Submitted by Amaris Elliott-Engel on Mon, 03/09/2015 - 11:40

The U.S. Court of Appeals for the Eighth Circuit has ruled that death-row inmates in Missouri don’t have a First Amendment right to learn the identities of the pharmacies that compound the drug used in executions.

The Eighth Circuit, sitting en banc, noted that there has not been a history of public access to the identities of the pharmacies that supply the drugs used in lethal injections.

Second, the court said the inmates’ complaint “provides no basis to conclude that public access to detailed information about execution protocols plays a significant positive role in the functioning of the process in question, given that the practical effect of public disclosure would likely be frustration of the state’s ability to carry out lawful sentences.” 

In a per curiam opinion, the Eighth Circuit also ruled that death-row inmates must show in their complaints that execution methods are unconstitutional by alleging, one, that the method of execution is very likely to cause unconstitutionally painful deaths and, two, that there is an alternative method of execution that would “significantly reduce a substantial risk of serious pain.” 

Several death-row prisoners in Missouri are challenging the use of compounded pentobarbital in executions as cruel and unusual punishment. Among other arguments, the defendants allege that super-potent pentobarbital could result in their suffocation and difficulty breathing before they lose consciousness.
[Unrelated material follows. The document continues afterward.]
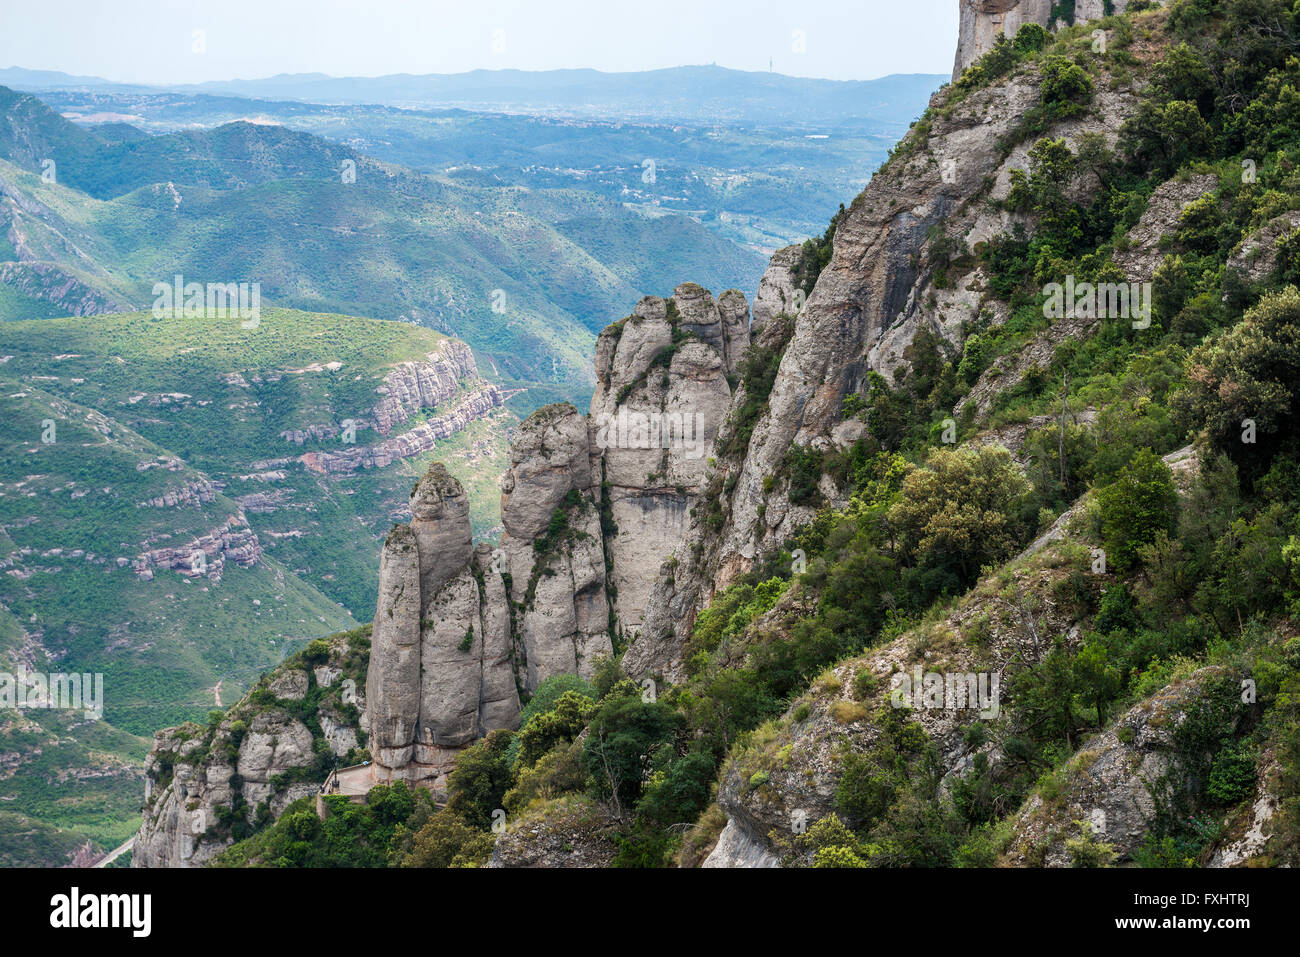 Vue aérienne de l'abbaye bénédictine Santa Maria de Montserrat sur la montagne de Montserrat à Monistrol de Montserrat, Espagne Banque D'Images

In dissent, Circuit Judge Kermit E. Bye said that the majority’s ruling would impose heightened pleading standards when death-row inmates challenge their method of execution.

“The majority opinion establishes heightened pleading requirements for death-row inmates challenging a state’s method of execution under the Eighth Amendment,” Bye said. “This imposition is in opposition to governing Supreme Court precedent and the Federal Rules of Civil Procedure. In other words, the Eighth Circuit now prevents death-row inmates from truly accessing the federal courts: a death-row inmate cannot benefit from discovery and is prohibited from challenging even a truly unconscionable method of execution if no other methods are readily available and obvious at the pleading stage.”

The majority disagreed that they imposed a heightened pleading requirement, ruling “the prisoners fail to satisfy their burden under the Eighth Amendment because they rely entirely on hypothetical and speculative harms that, if they were to occur, would only result from isolated mishaps,” according to the per curiam opinion.

The court’s ruling was 7-3 on most issues.

Judge Steven M. Colloton joined the majority except for the section of the opinion finding that the death-row inmates inadequately plead in their complaint that they face a substantial risk of severe pain by the use of pentobarbital. Judge Bobby E. Shepherd joined the majority except for the ruling that prisoners must identify an alternative method of execution in their complaints.

While the court rejected the facial challenge in this case, the court did allow an as-applied challenge to proceed in the case of Bucklew v. Lombardi. The inmate in that case alleges that his execution could result in excruciating pain because of a serious medical condition.